Hello, I'd like to help you with your question.
It sounds like your partner might have been hurt so much from his childhood that he has adapted harmful behavior. Sometimes when a person is abused or neglected as a child, they cannot get the attention and love they need. In order to cope with the overwhelming environment they live in, they develop manipulative ways to get the attention they need. As they grow up, they continue these harmful behaviors and are not aware they are hurting anyone.

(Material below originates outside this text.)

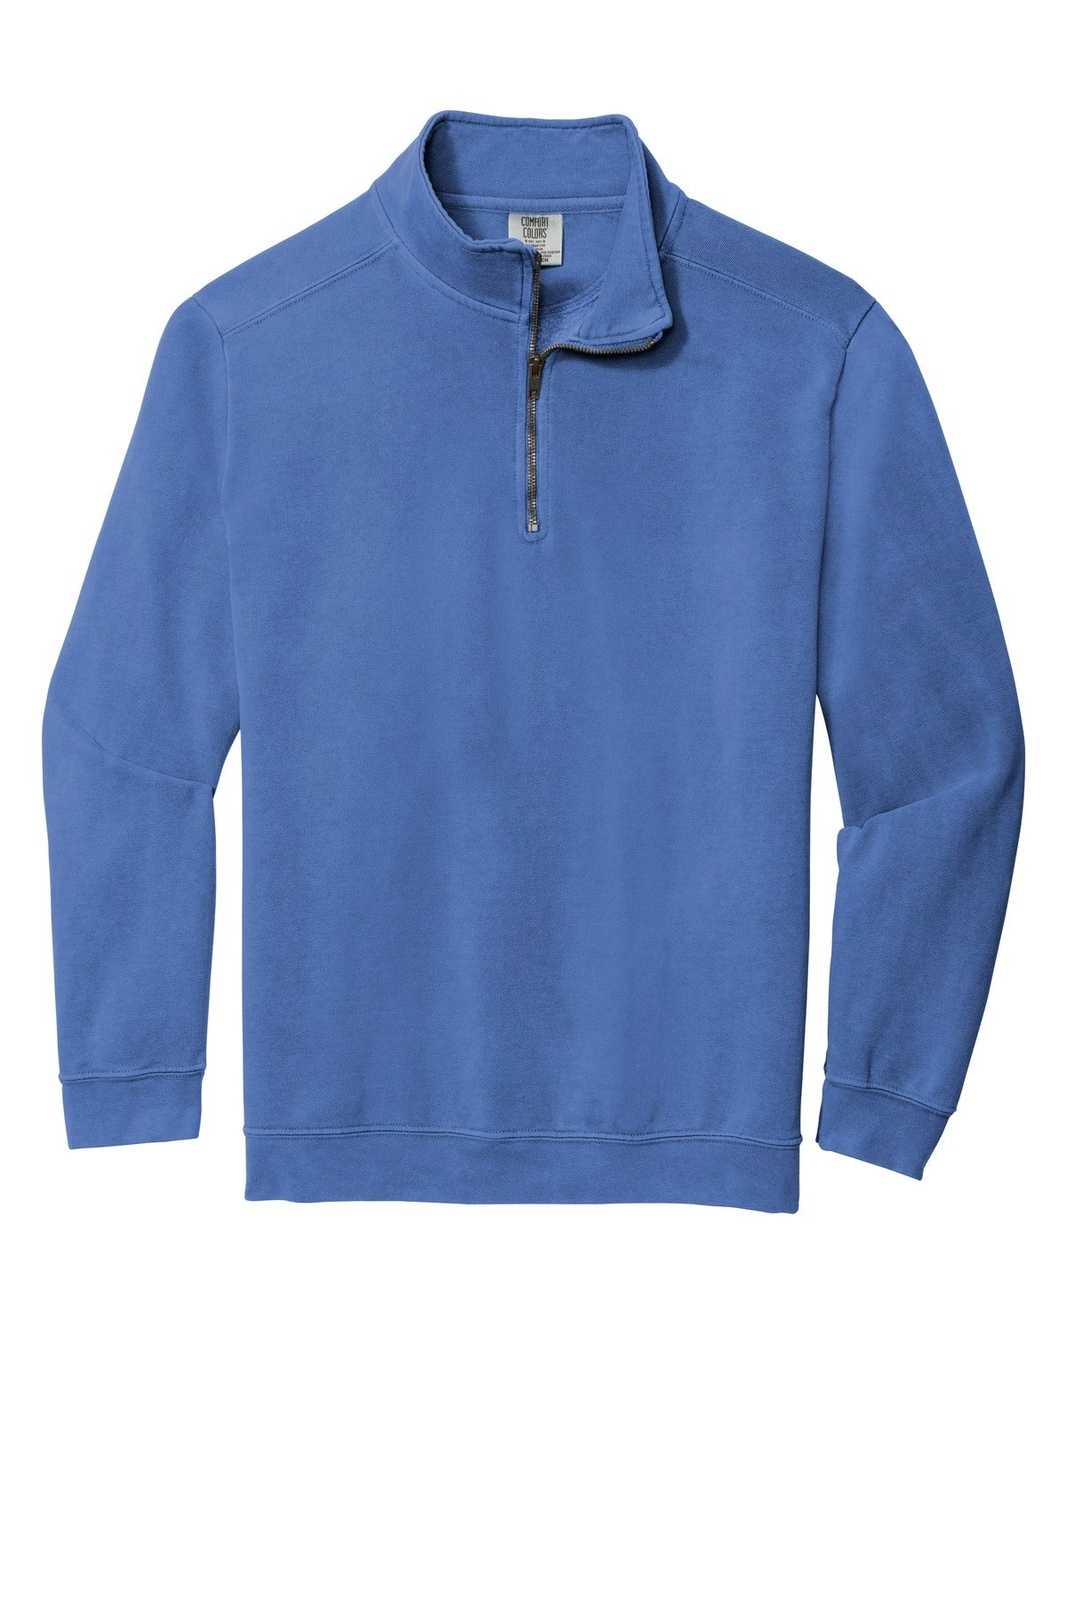 Comfort Colors 1580 Ring Spun 1/4-Zip Sweatshirt - Flo Blue - HIT a Double

It sounds like your partner might have a personality disorder, maybe anti social personality disorder. If he is pathological liar, knows it yet won't change, and is also sneaky in his behavior, he may have this disorder.
People who have a personality disorder often lack the insight to understand that their behavior is harmful. They tend to blame others for what occurs rather than see that they are acting out.
If your partner is talking to a counselor but it is not helping, it could be that he may need to see another one. Sometimes, it takes a few tries before you can find a counselor that helps. Suggest that he try to work with someone else. It could be also that he is resisting therapy or being manipulative in his sessions, refusing to change. In that case, you may need to choose how you want to react since he most likely will not change. Asking him to move out is a good choice. It allows him to see that there are boundaries to his behavior with you and that you will not tolerate his actions.
You may also want to talk to a counselor yourself. Dealing with someone who carries a lot of hurt into a relationship and causes difficulties can be very hard to cope with. Talking to someone for support and to help you decide what you want to do about this situation can help.